EXERCISE DESCRIPTION
Your reply should reproduce all the data below exactly while excluding the pictures.

PROVIDED MATERIAL

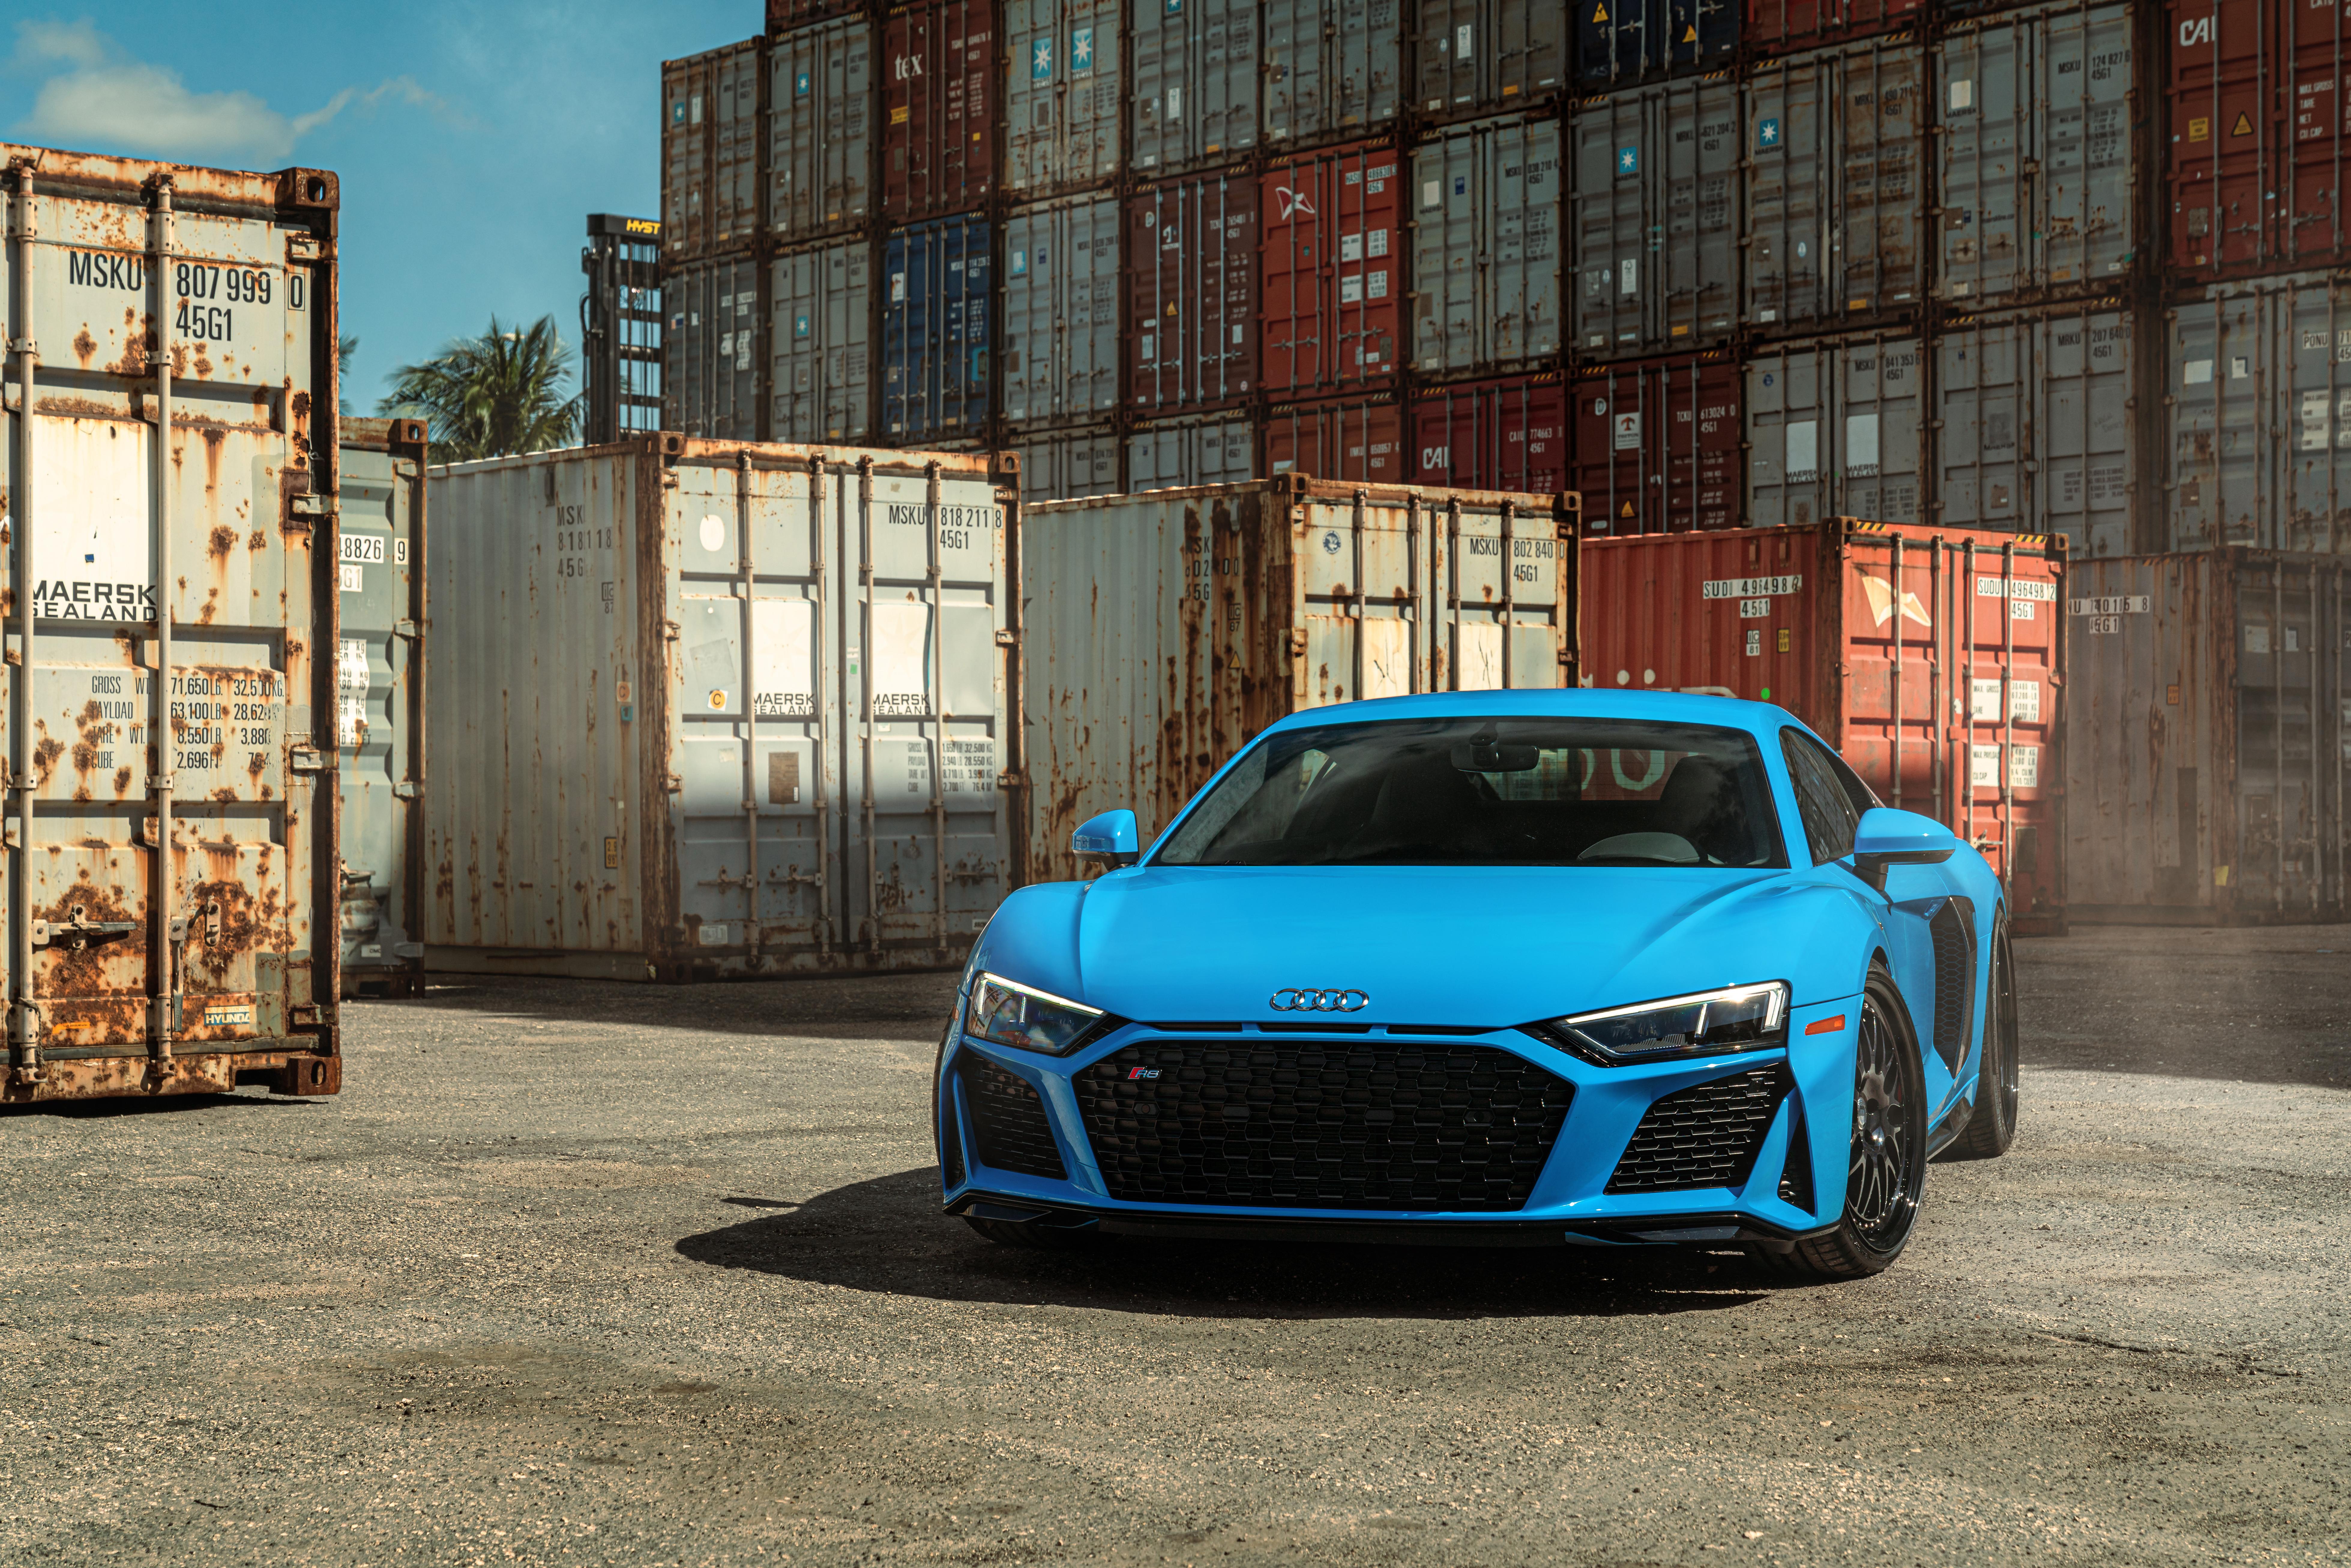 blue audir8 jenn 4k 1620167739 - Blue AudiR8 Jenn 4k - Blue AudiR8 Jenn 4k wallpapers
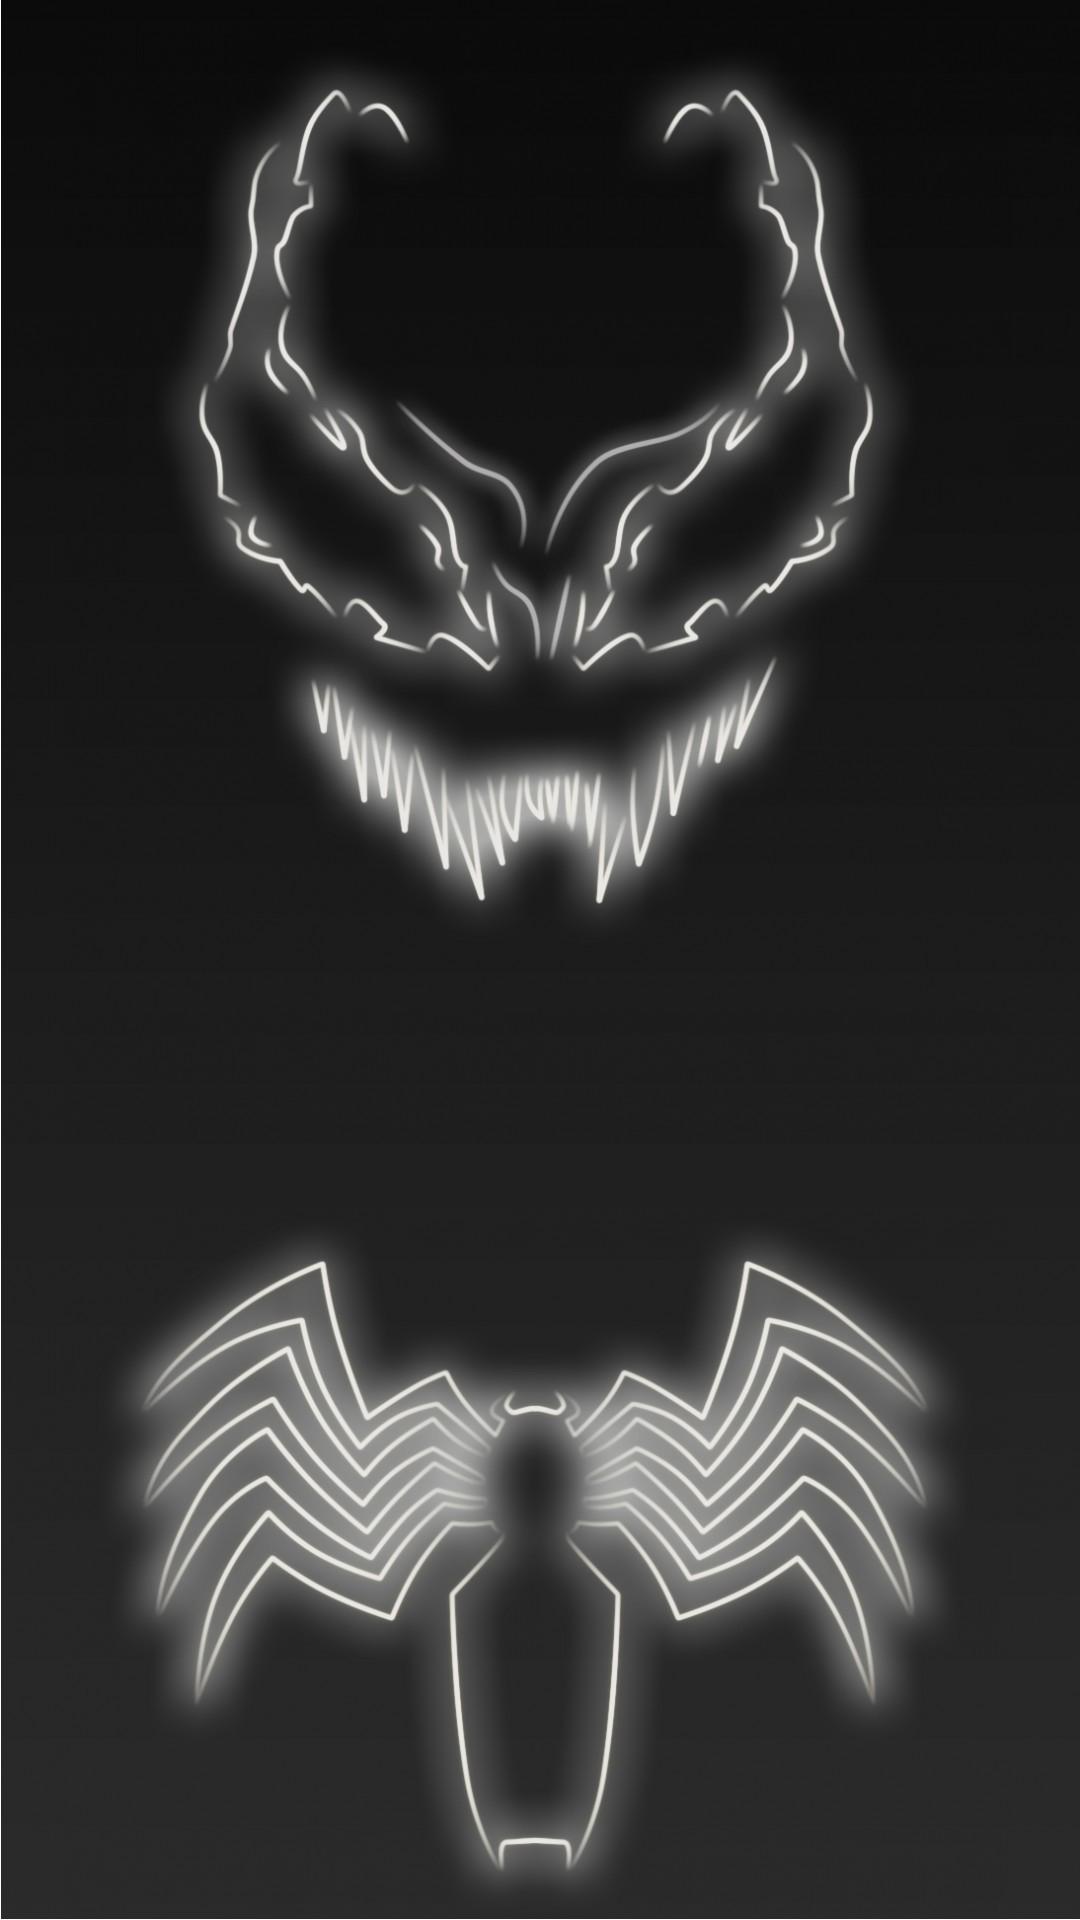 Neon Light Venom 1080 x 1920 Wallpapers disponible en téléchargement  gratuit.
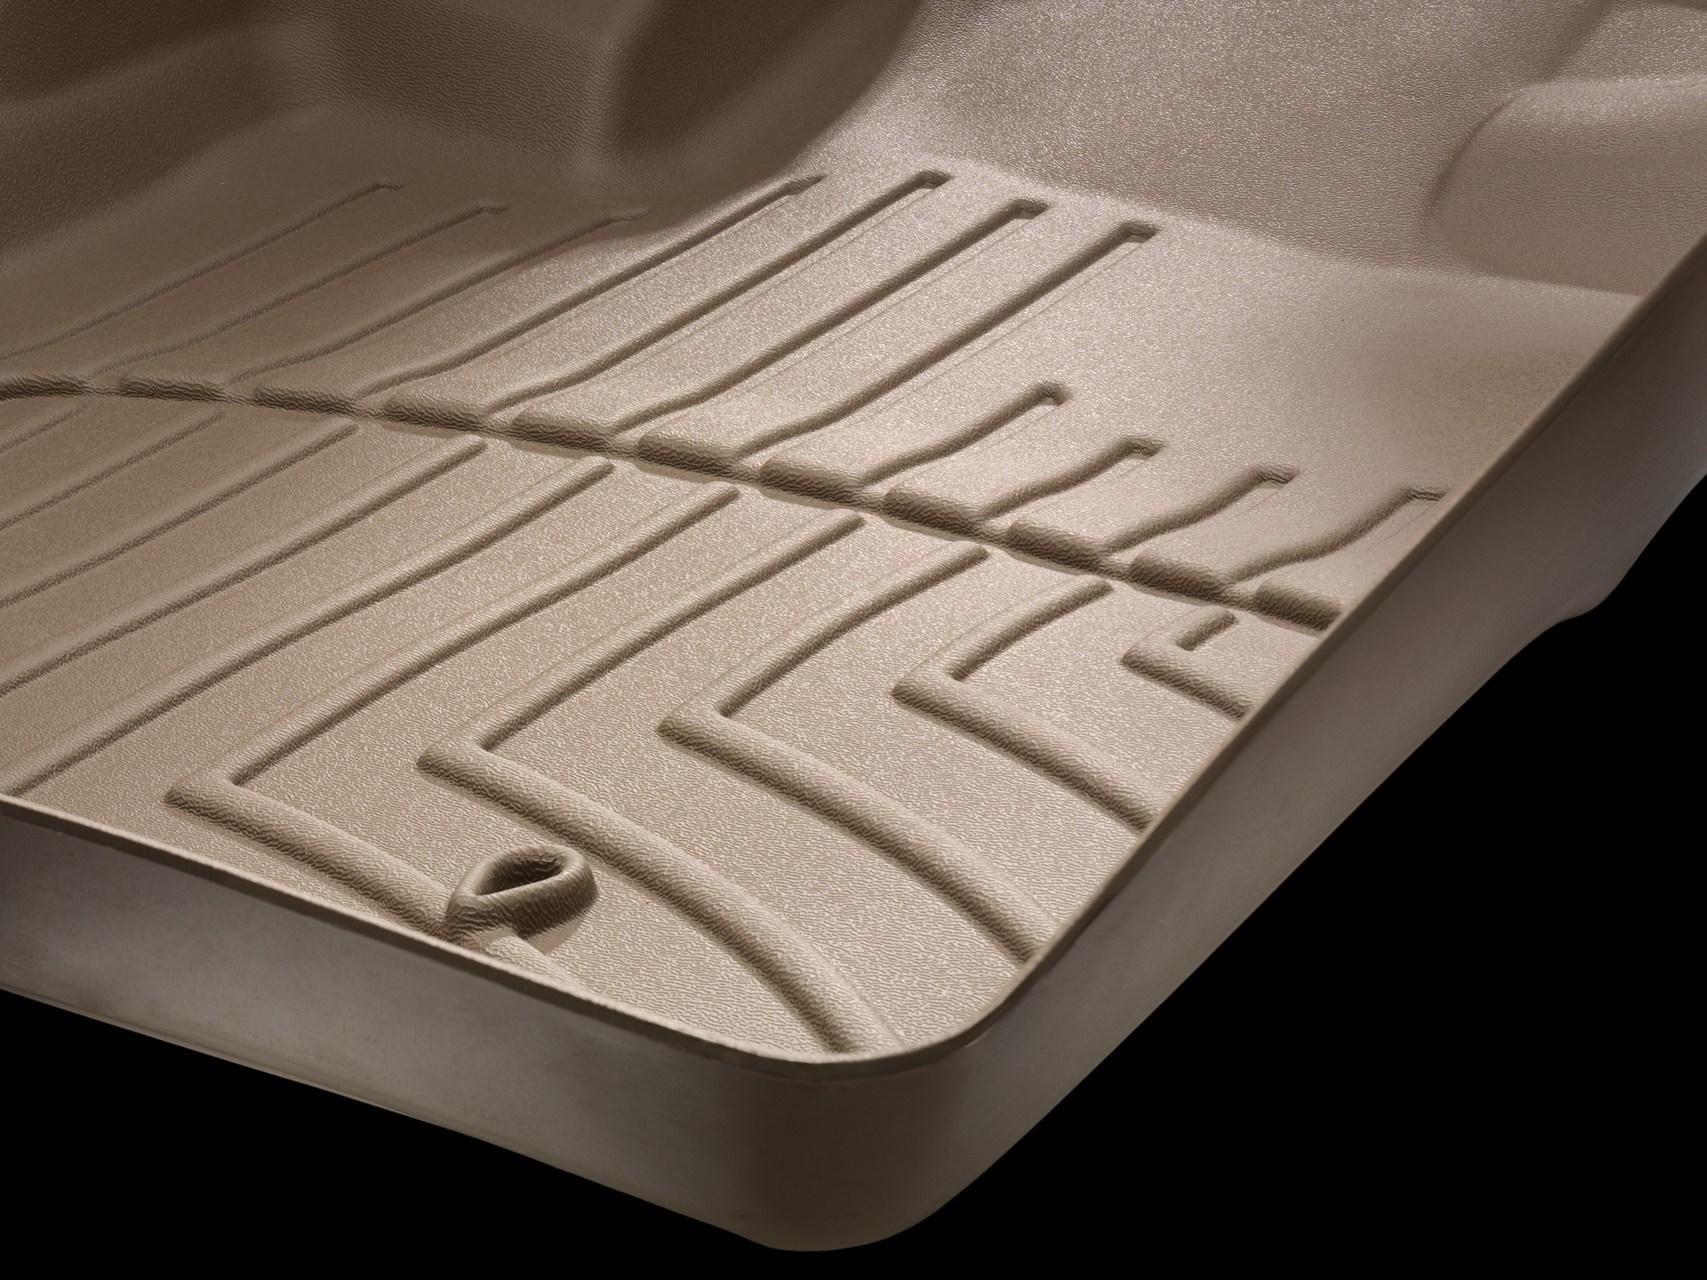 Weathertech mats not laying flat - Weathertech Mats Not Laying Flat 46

ANSWER BOX
 blue audir8 jenn 4k 1620167739 - Blue AudiR8 Jenn 4k - Blue AudiR8 Jenn 4k wallpapers
 Neon Light Venom 1080 x 1920 Wallpapers disponible en téléchargement  gratuit.
 Weathertech mats not laying flat - Weathertech Mats Not Laying Flat 46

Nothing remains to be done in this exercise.